Detto questo però i confronti internazionali non ci premiano: l’Italia è il secondo Paese nella Ue per prelievo fiscale sui redditi da lavoro, il terzo per quello sulle imprese, mentre è solo il 22° per prelievo sui consumi (leggi Iva, sulla quale grava anche una alta evasione che fa perdere circa il 34% del gettito potenziale, più del doppio di quel che avviene in Europa). Siamo il quinto Paese in Europa per pressione fiscale complessiva ma ci trasciniamo dietro dei paradossi esemplari: il peso fiscale su una famiglia con coniuge e due figli è calata nel 2014, pur se di poco, ma rimane superiore del 50% al livello medio dell’Unione europea.
Lo stesso cuneo fiscale è cresciuto poco in questo primo scorcio del terzo millennio (+1%) ma nell’area Ocse ( dove sono in agguato i nostri competitori) è diminuito mediamente di un punto e mezzo.

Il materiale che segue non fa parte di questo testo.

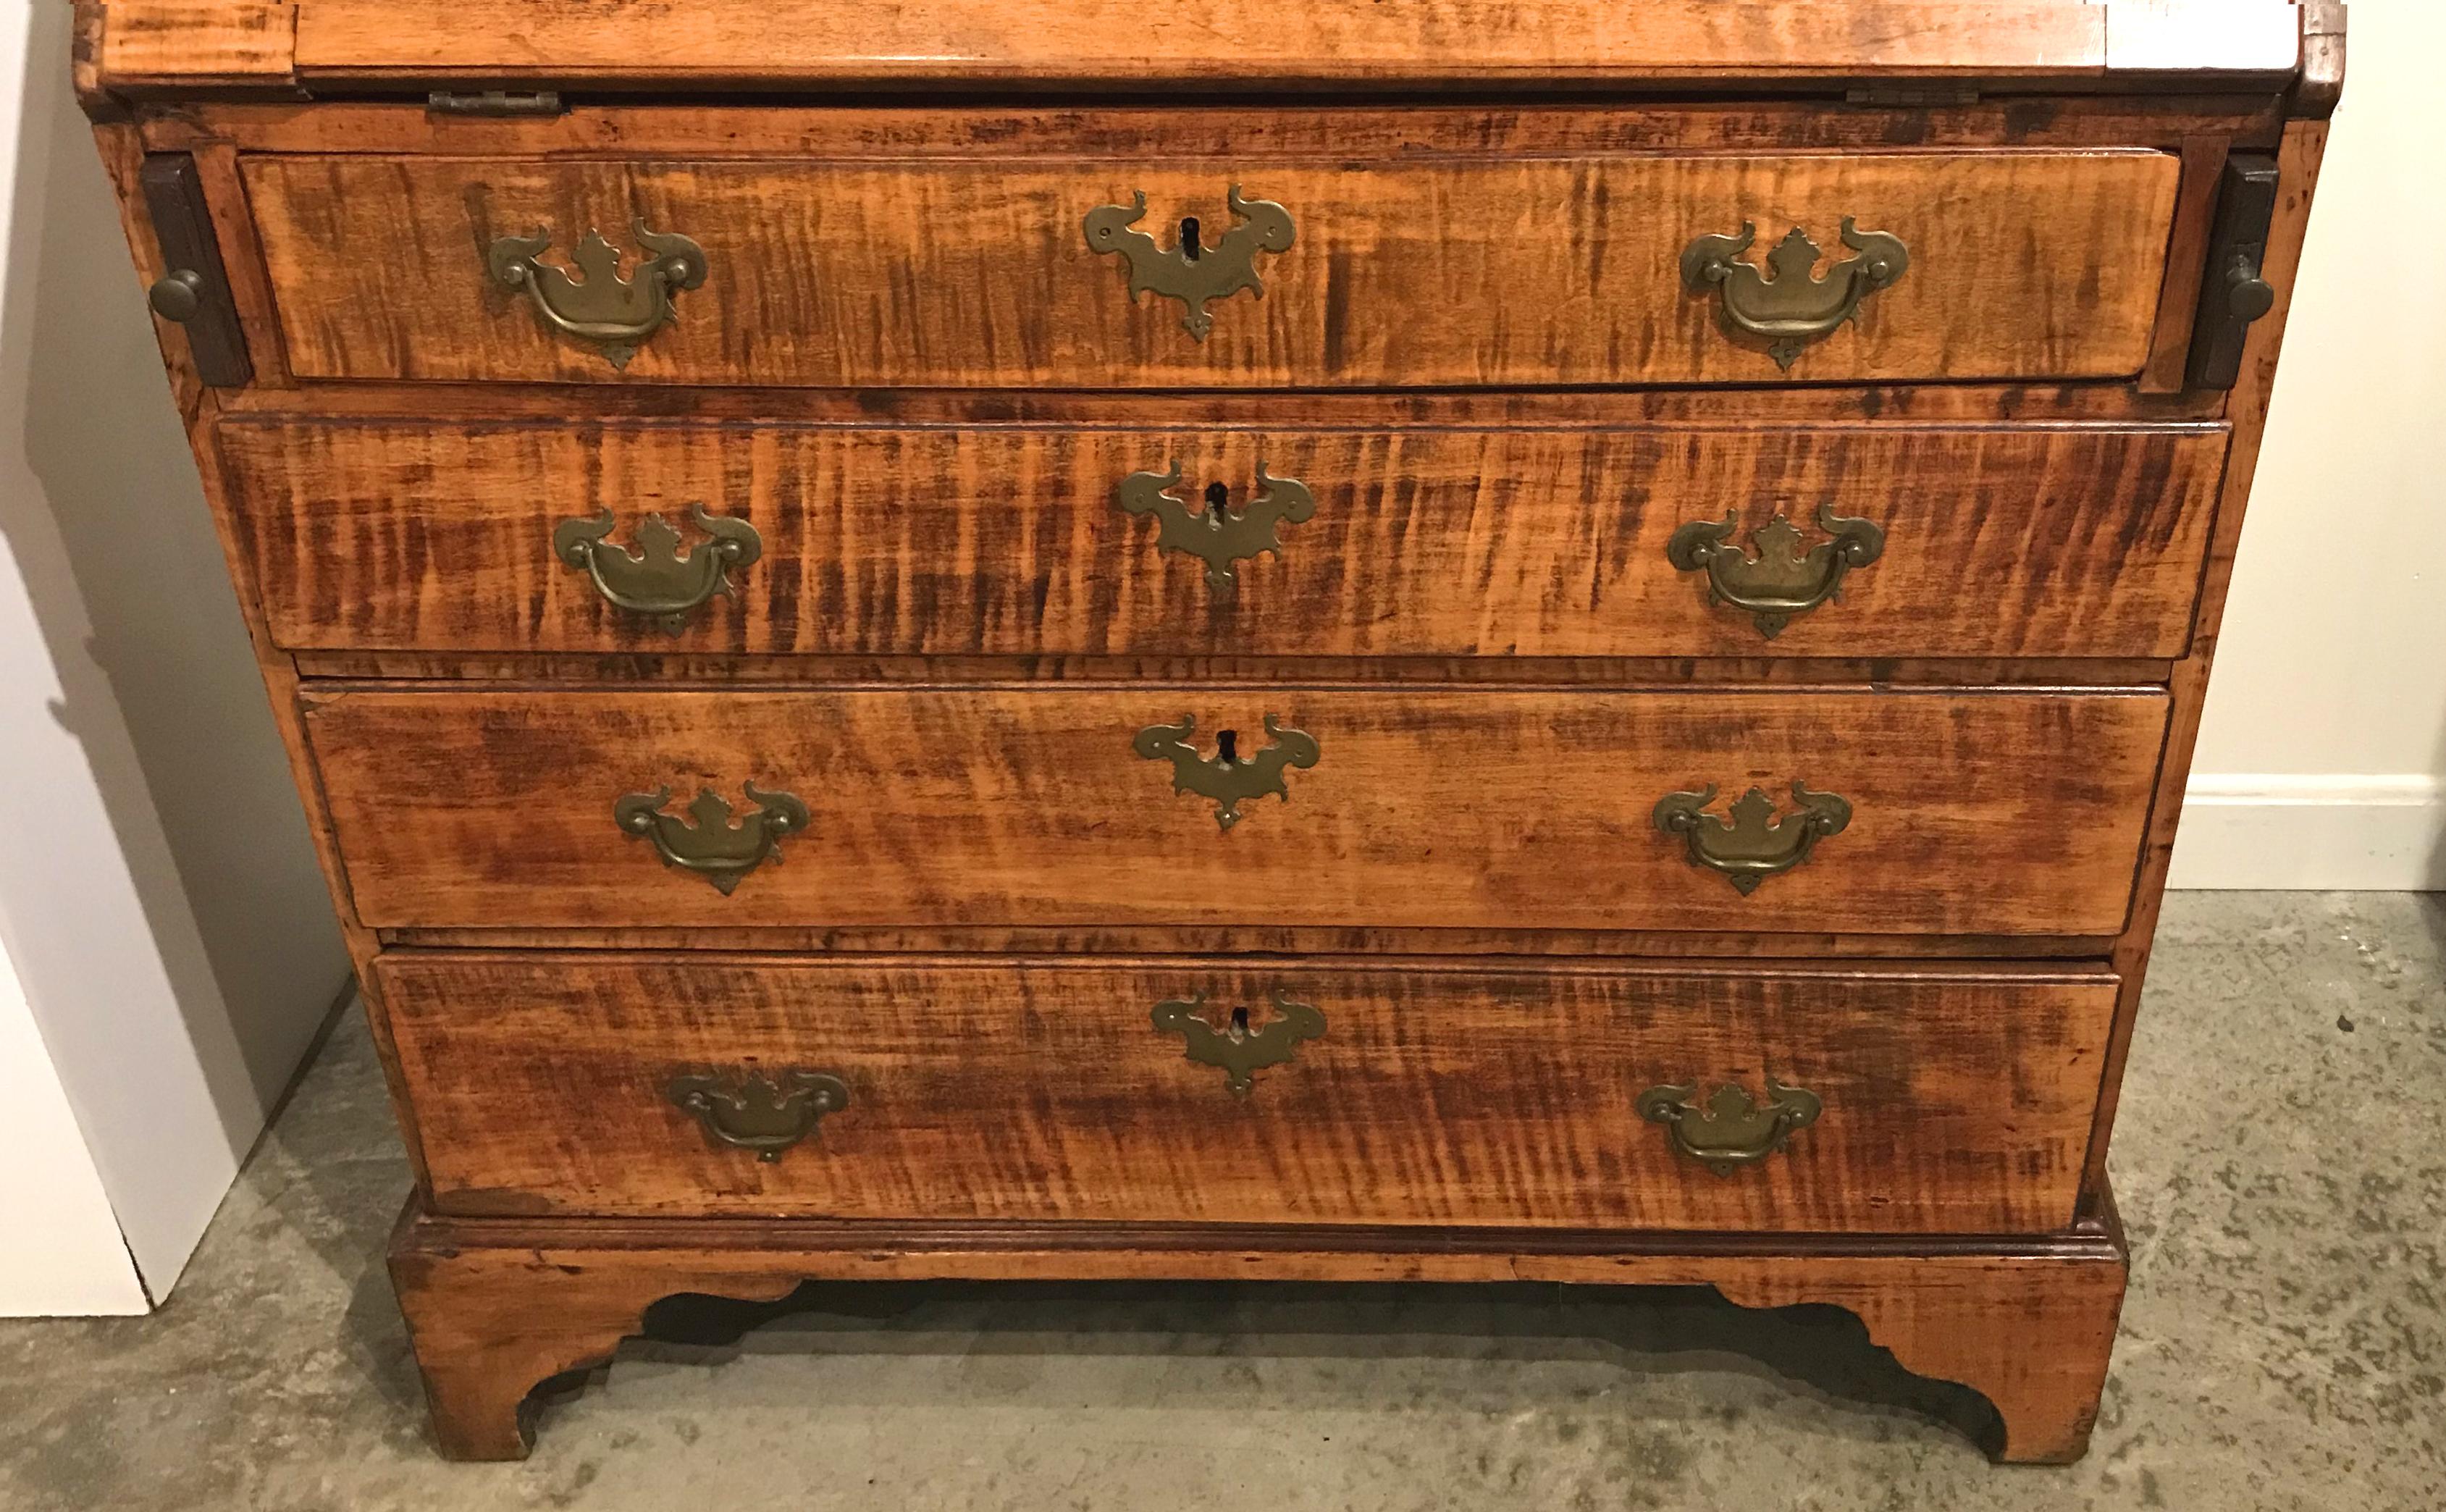 A fine example of a New England tiger maple slant front desk circa 1760 with compartmentalized interior featuring eight valanced open cubbies flanking a central prospect drawer over seven fitted drawers. The lower half of the desk features four

Siamo di fronte dunque ad un sistema che non compete come dovrebbe e necessita di una profonda risistemazione. Agendo anche a monte, sostiene il rapporto della Corte, ovvero sulla spesa non necessaria e sull’evasione fiscale, per drenare importanti risorse e metter mano alle distorsioni esistenti. Ma un altro fenomeno è cresciuto sul piano fiscale: quello della erosione. Dettato spesso dalla situazione di necessità in cui versa l’economia si sono moltiplicate negli ultimi anni le agevolazioni : si convive così… con circa 800 “eccezioni” rinunciando potenzialmente ad un reddito di circa 300 miliardi. Ma nei rumors che si avvertono nello scenario economico che porterà alla nuova legge di stabilità si coglie la sensazione che sulle agevolazioni possano emergere ipotesi di intervento non tanto per eliminare voci specifiche, quanto immaginando altre soluzioni come potrebbe essere un sorta di tetto massimo oltre il quale non si avrebbe più diritto a deduzioni.

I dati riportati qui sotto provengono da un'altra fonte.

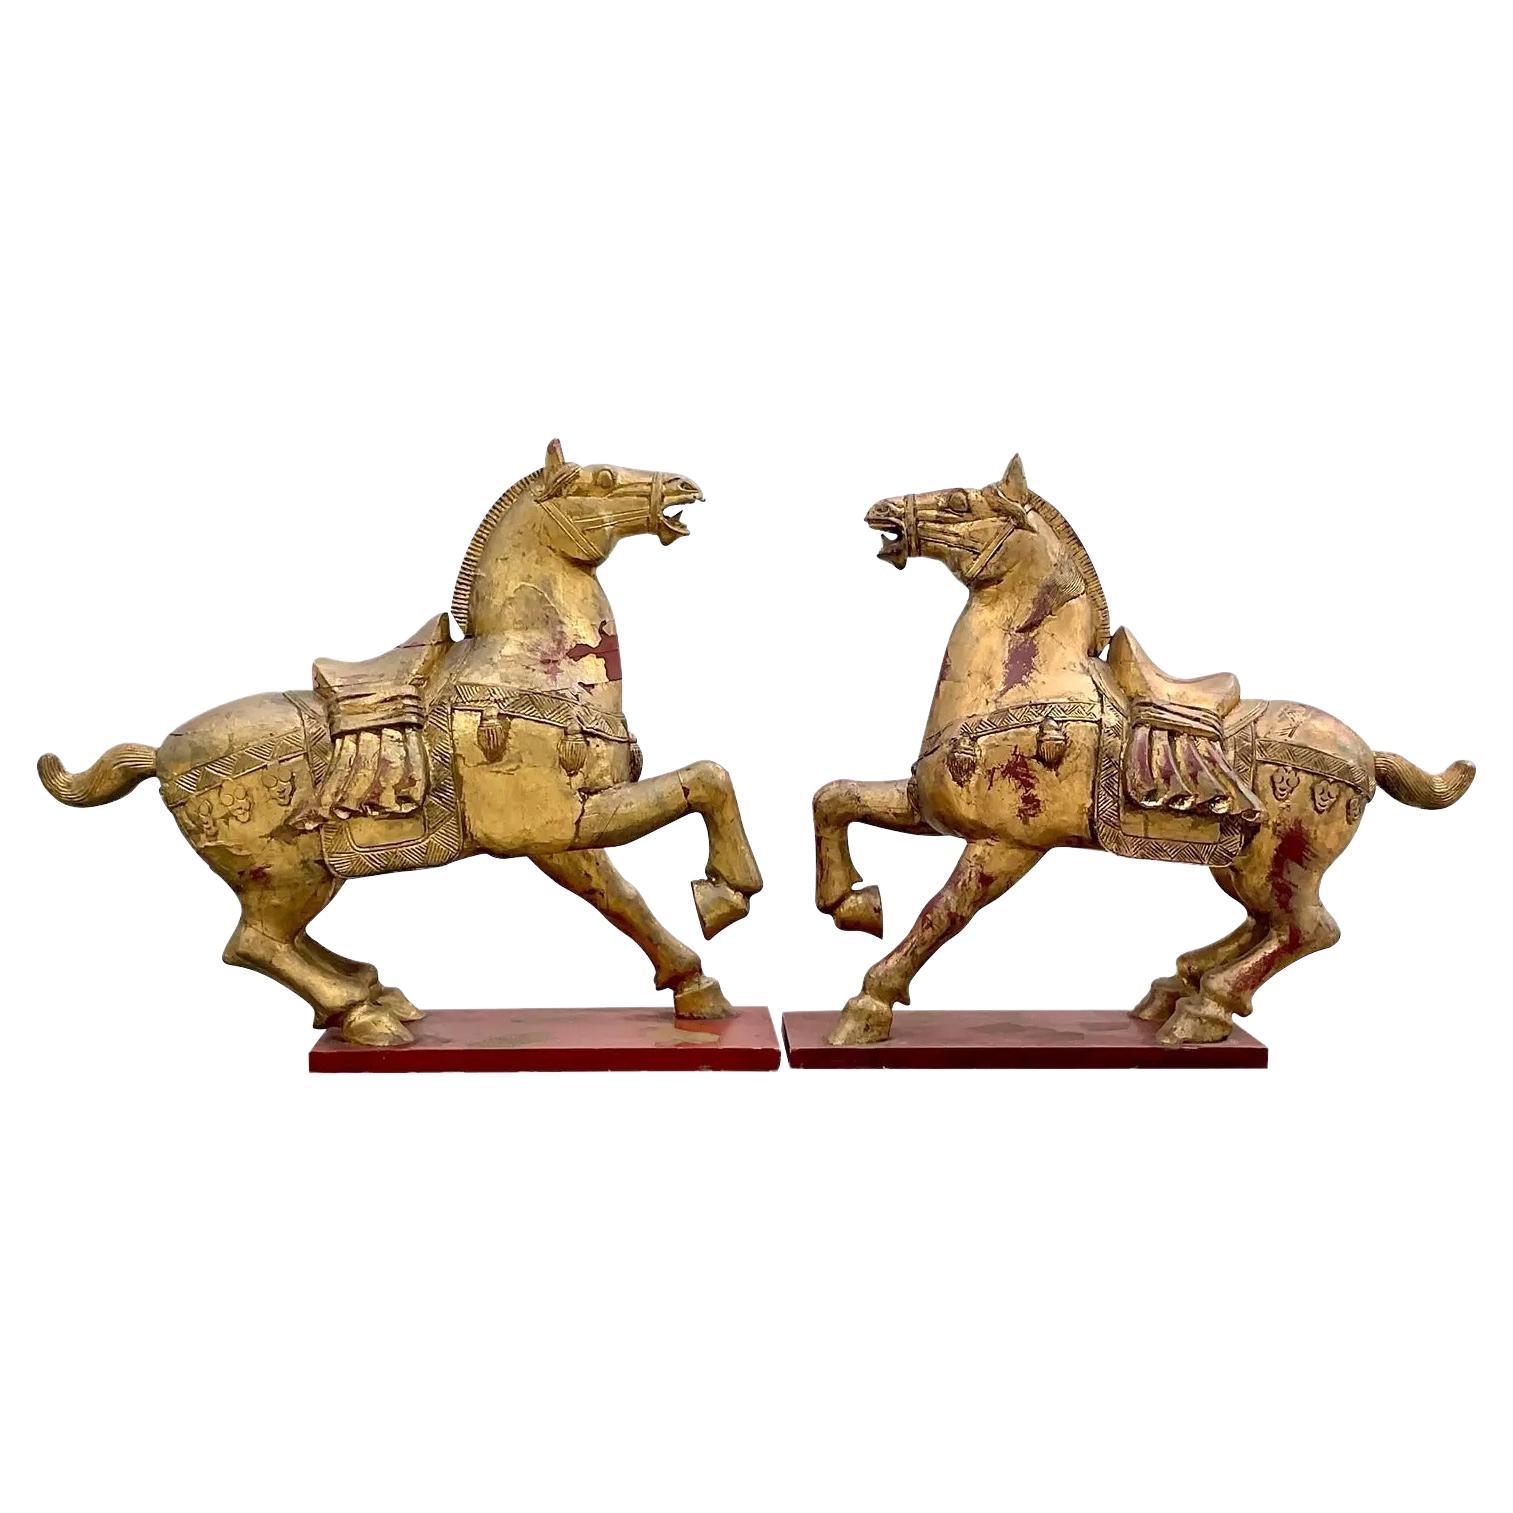 Vintage Asian Gilt Carved Wooden Emperor Horses - a Pair For Sale

Ma uno degli scogli più spinosi resta l’Iva i cui aumenti sono stati bloccati sterilizzandone gli effetti. E’ la famosa clausola di garanzia. Se fossero stati viceversa applicati avremmo avuto un esiziale taglio dei reddito disponibile per le famiglie per il biennio 2017-2018 di oltre 500 euro l’anno. Con effetti sulla domanda interna già depressa inimmaginabili.

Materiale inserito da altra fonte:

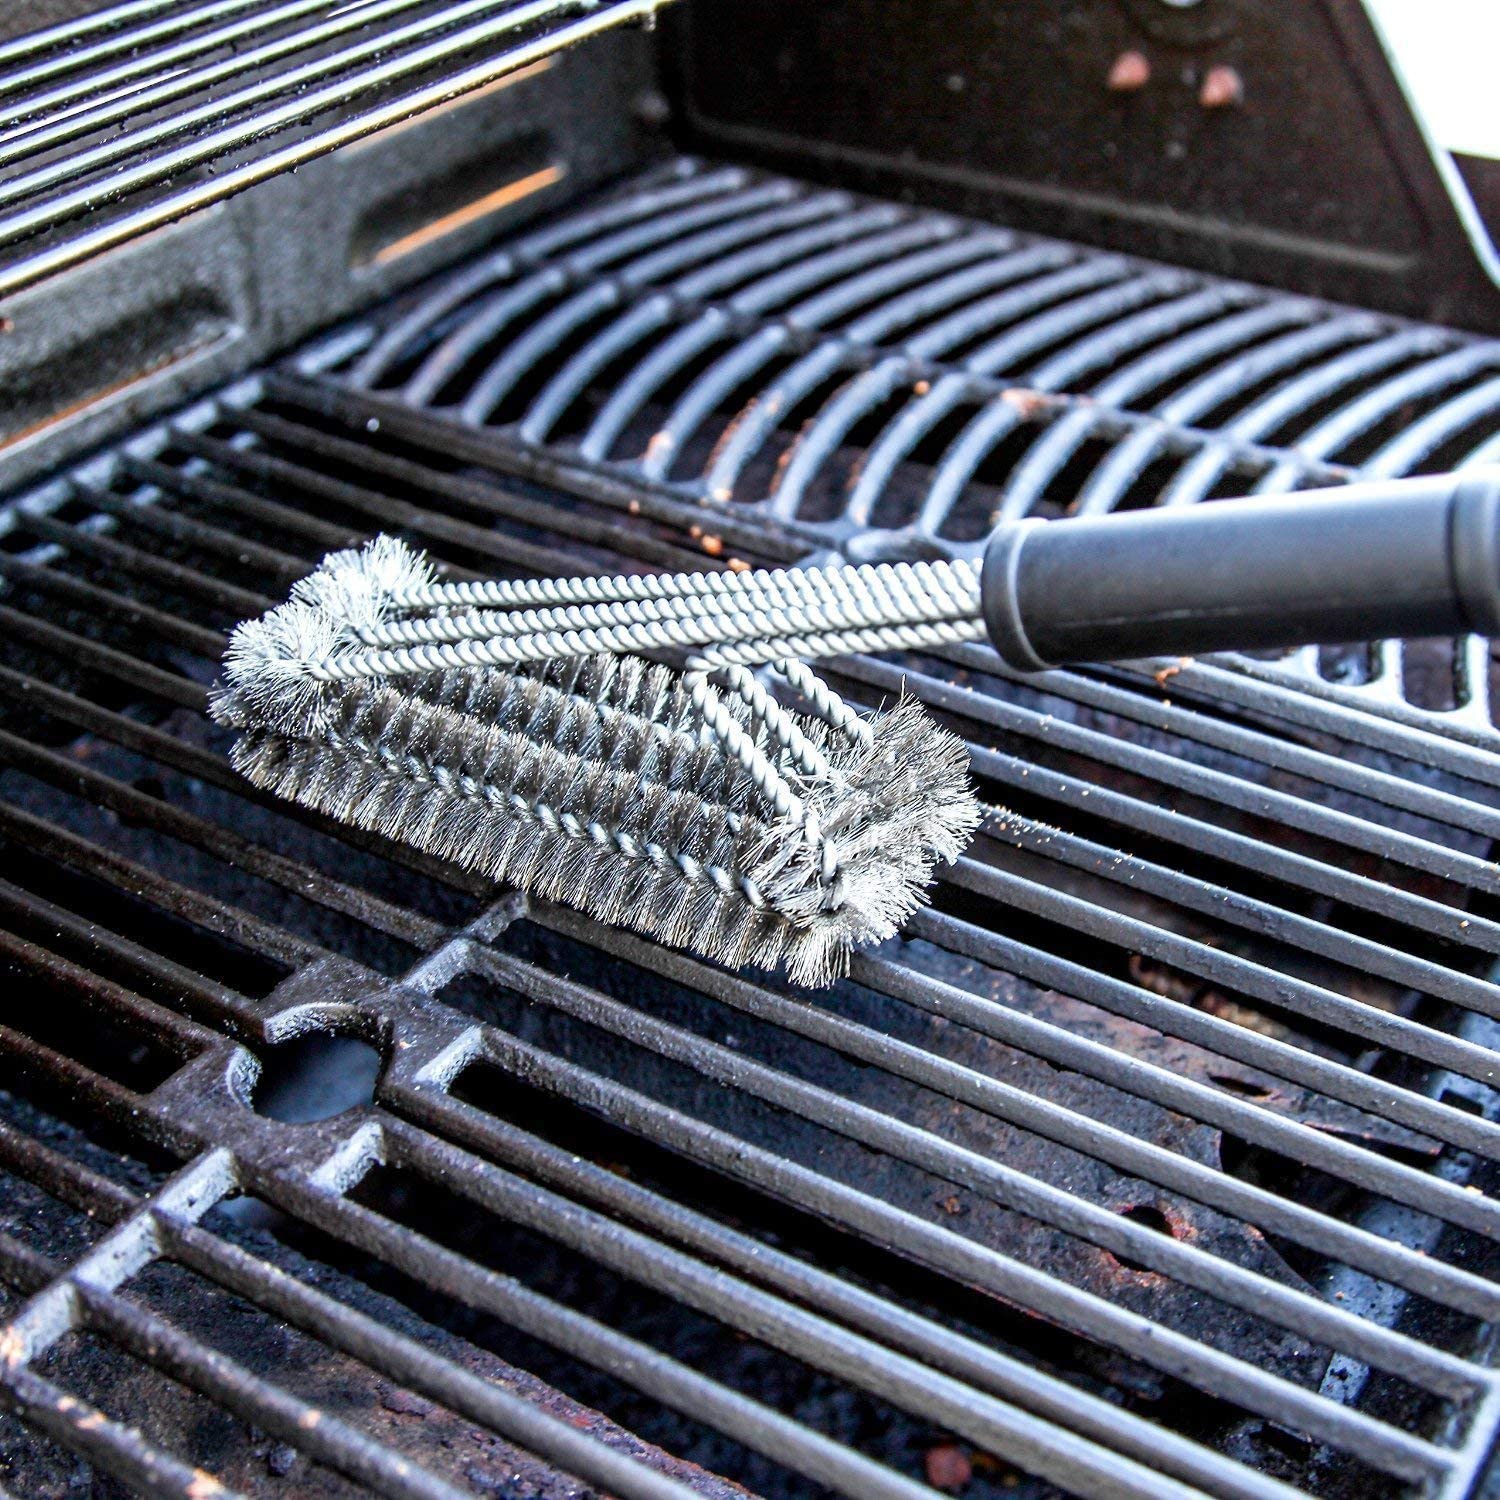 Cleaning up the grill grates

Altro punto dolente è la tassazione locale che si è andata sommando a quella nazionale anche per via dei ridotti trasferimenti a regioni ed enti locali. Tutto questo ha provocato però una babele fiscale: si pensi che il solo differenziale fra le addizionali Irpef fra i comuni meno “esosi” e quello di Roma arriva a toccare perfino il 400%. Ed è il sud a pagare il prezzo più alto. Insomma il da fare è molto e non è agevole. Nel frattempo nel mirino oltre ai crescenti risultati sull’evasione fiscale, potrebbero verificarsi una rimodulazione delle aliquote Iva e una ricognizione, come detto, sulle agevolazioni. Compito ingrato, ma forse inevitabile se si vuol restituire agibilità e certezze al fisco.